Rust implementation of Python markdownify with output parity as the primary goal.

Python bindings

Build and install locally with maturin (uv):

uv venv
uv pip install maturin
.venv/bin/maturin develop --features python

Build via pip (PEP 517):

uv pip install .

Usage:

from markdownify_rs import markdownify

print(markdownify("<b>Hello</b>"))

Batch usage (parallelized in Rust):

from markdownify_rs import markdownify_batch

outputs = markdownify_batch(["<b>Hello</b>", "<i>World</i>"])

Notes:

  • code_language_callback is not yet supported in the Python bindings.

CLI:

markdownify-rs input.html
cat input.html | markdownify-rs

Parity hacks (scraper vs. BeautifulSoup)

These are explicit, ad hoc behaviors added on top of scraper/html5ever to match python-markdownify (BeautifulSoup + html.parser) output. They are intentionally quirky and may be replaced with more “correct” behavior once parity is stable.

  • <br> parser quirk: With BeautifulSoup’s html.parser, if a non‑self‑closing <br> appears before a self‑closing <br/>, the later <br/> can be treated like an opening <br> whose contents run until that implicit <br> is closed (usually when its parent closes). We emulate this by removing the content between that <br/> and the closing tag that ends the implicit <br> (ignoring <br> tags inside comments/scripts), which matches python-markdownify’s output.
  • Leading whitespace reconstruction: html.parser preserves whitespace‑only text nodes that html5ever drops (notably between <html> children and at the start of <body>).

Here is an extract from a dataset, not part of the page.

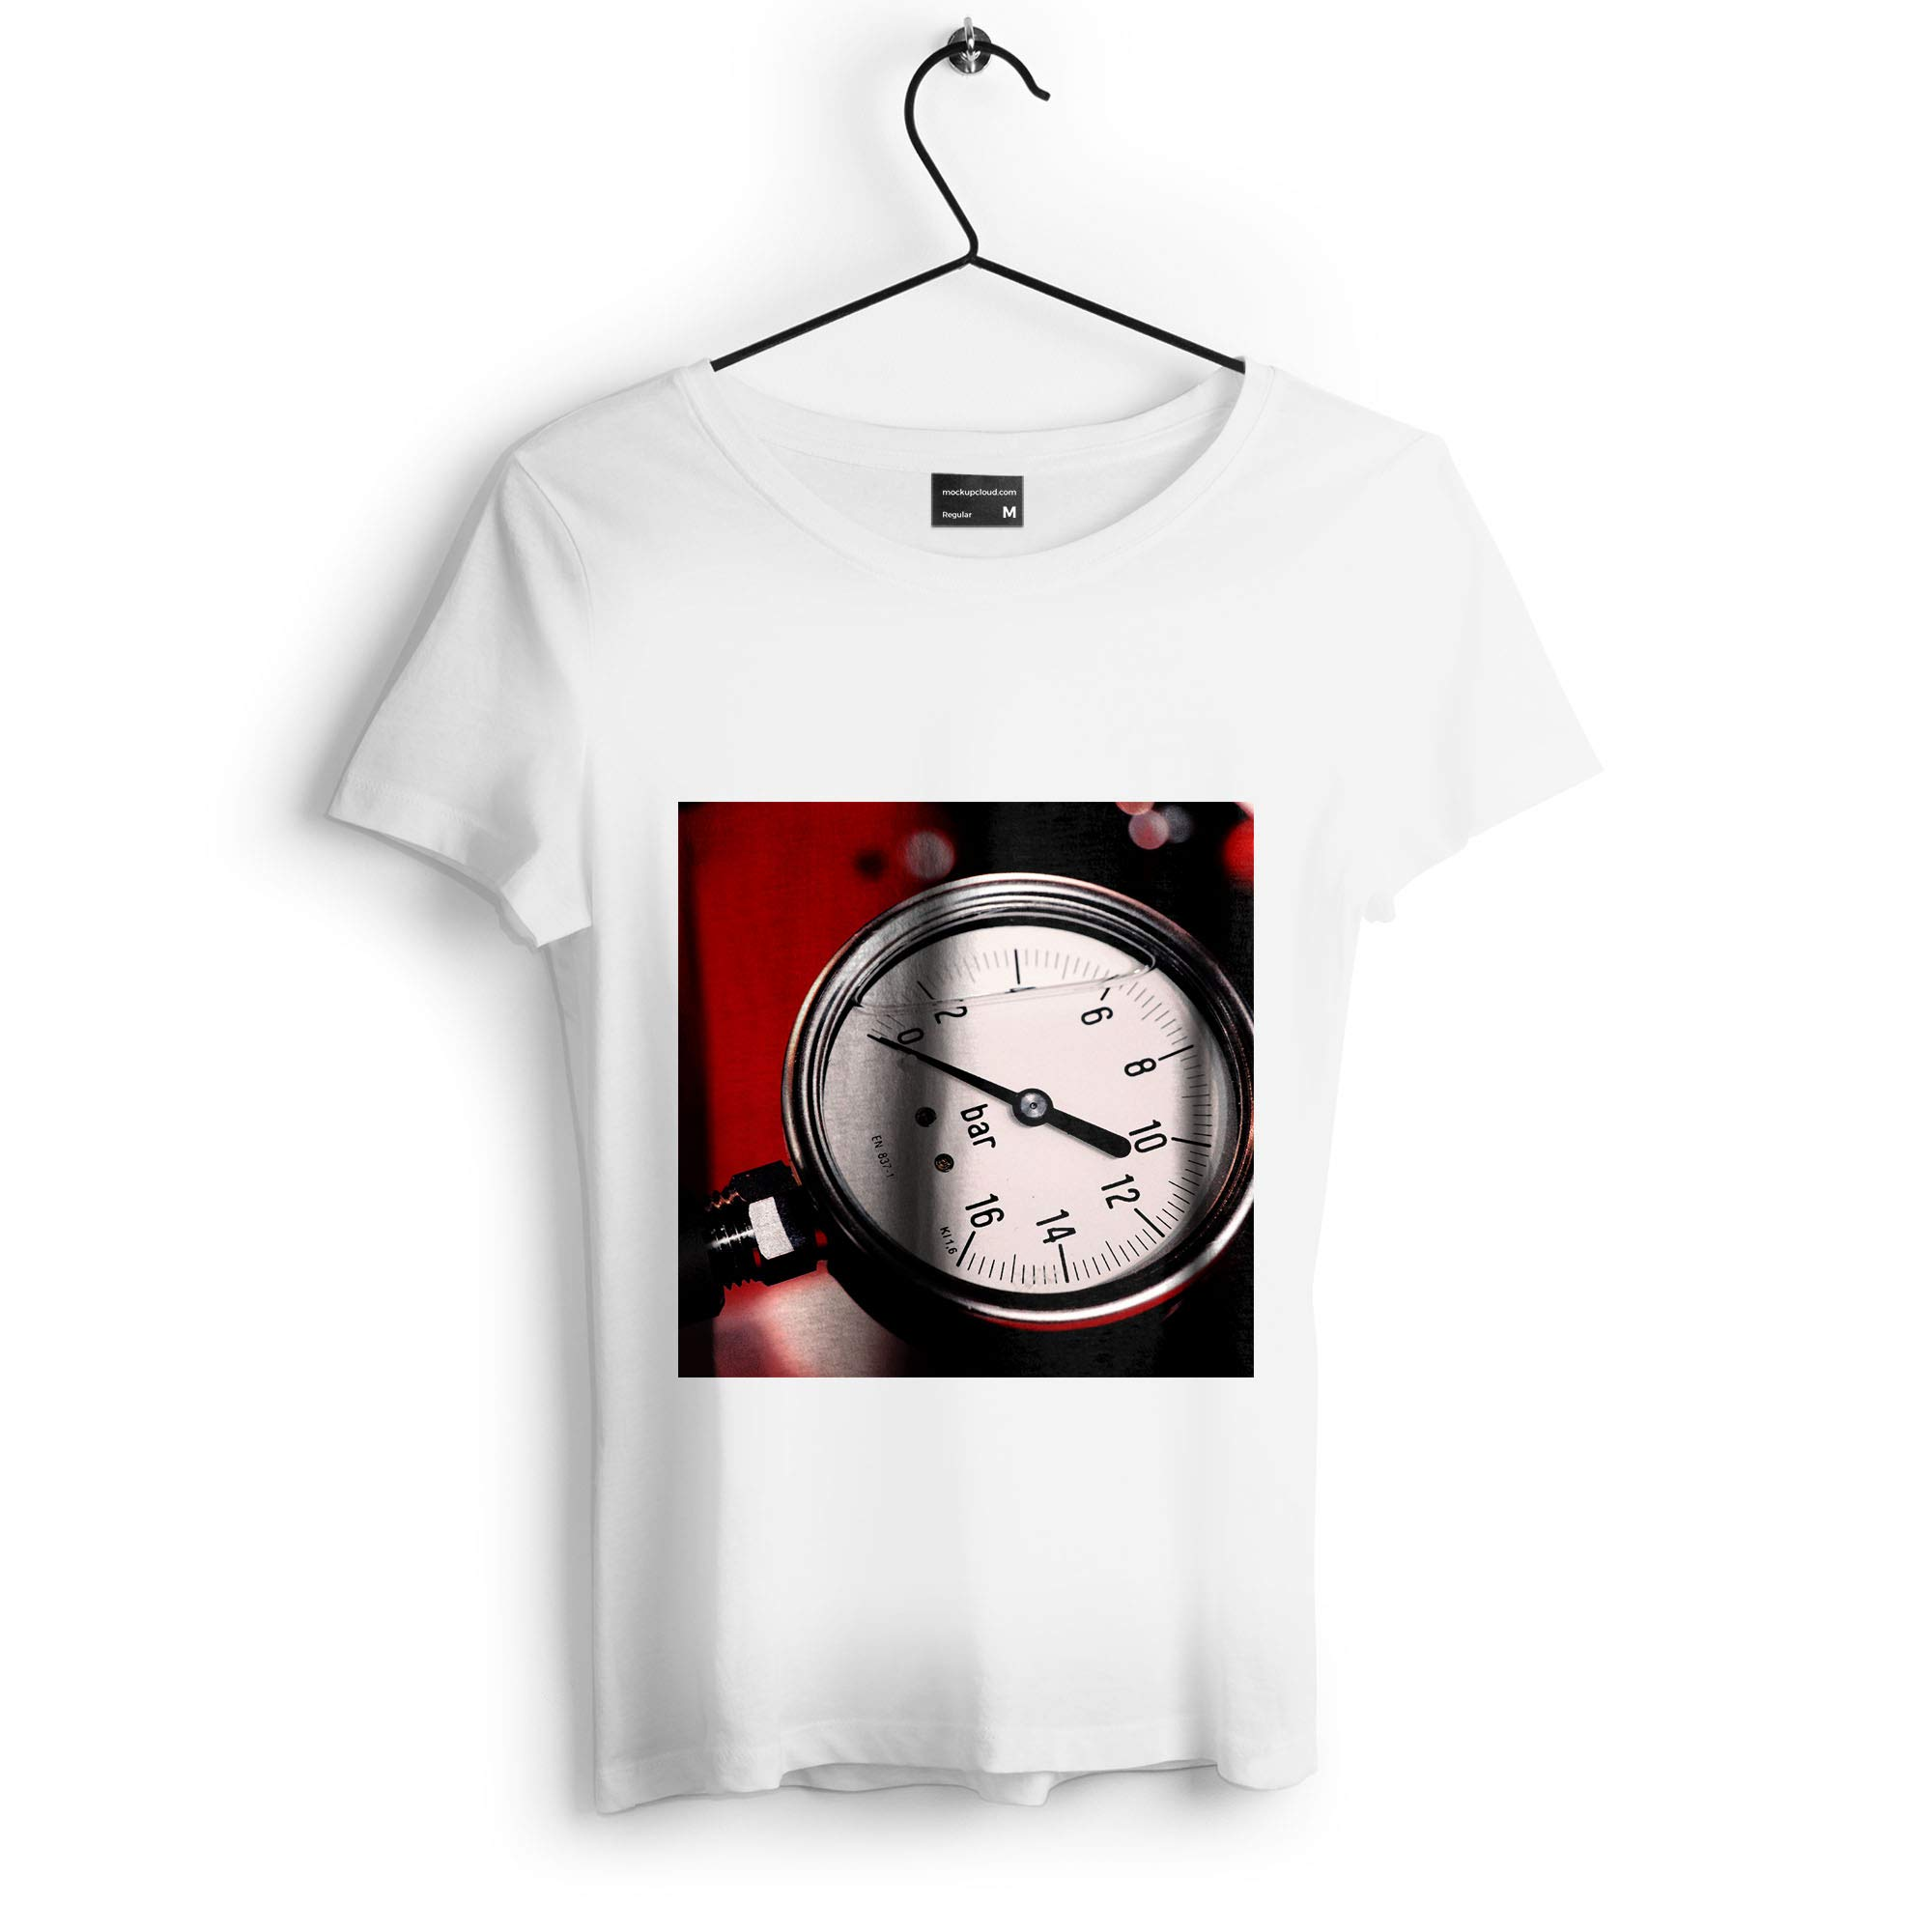 Westlake Art - Watch Clock - Unisex Tshirt - Picture Photography Artwork Shirt - White Adult Medium (D41D8)

We reconstruct the normalized leading whitespace prefix (using the same “single space vs. single newline” rules as BeautifulSoup’s endData) and merge it with the converter output, carrying it across non‑block tags and empty custom elements whose contents are only comments/whitespace.
  • Table header inference: For tables whose header row is effectively empty, we avoid forcing a “---” separator to match python-markdownify behavior.
  • Top-level <td>/<th> wrapping: If input is a bare <td>/<th>, we wrap it in a <table><tr>…</tr></table> fragment to align with python-markdownify output.

Benchmarks

Datasets

  • Michigan Statutes (JSONL, 241 HTML documents).
    • Total HTML bytes: 101,029,525 (~96.35 MiB).
    • Largest document: 8,034,686 bytes (~7.66 MiB).
    • Source file size: 102,856,616 bytes (~98.10 MiB).
  • Law websites (CSV, 3,136 HTML documents).
    • Total HTML bytes: 111,747,114 (~106.57 MiB).
    • Largest document: 1,381,380 bytes (~1.32 MiB).
    • Source file size: 148,486,852 bytes (~141.61 MiB).

Run

# Michigan Statutes (JSONL)
MARKDOWNIFY_BENCH_PATH=/path/to/mi_statutes.jsonl .venv/bin/python scripts/bench_python.py --module markdownify_rs --dist-name markdownify-rs --label markdownify_rs
MARKDOWNIFY_BENCH_PATH=/path/to/mi_statutes.jsonl .venv/bin/python scripts/bench_python.py --module markdownify --dist-name markdownify --label markdownify

# Law websites (CSV)
.venv/bin/python scripts/bench_python.py --format csv --path /path/to/deleted_pages.csv --module markdownify_rs --dist-name markdownify-rs --label markdownify_rs
.venv/bin/python scripts/bench_python.py --format csv --path /path/to/deleted_pages.csv --module markdownify --dist-name markdownify --label markdownify

Python binding comparison (both run through Python, 2026-01-28, Apple M3, macOS 14.6 / Darwin 24.6.0, Python 3.13.0)

Michigan Statutes (JSONL)

  • markdownify_rs convert_all (241 docs): time 2.266594 s, throughput 42.508 MiB/s
  • markdownify_rs convert_all_batch (241 docs): time 0.538012 s, throughput 179.084 MiB/s
  • markdownify_rs convert_largest (8,034,686 bytes): time 187.941 ms, throughput 40.771 MiB/s
  • markdownify convert_all (241 docs): time 29.654787 s, throughput 3.249 MiB/s
  • markdownify convert_largest (8,034,686 bytes): time 4.496880 s, throughput 1.704 MiB/s

Speedup summary (wall-clock time, lower is better)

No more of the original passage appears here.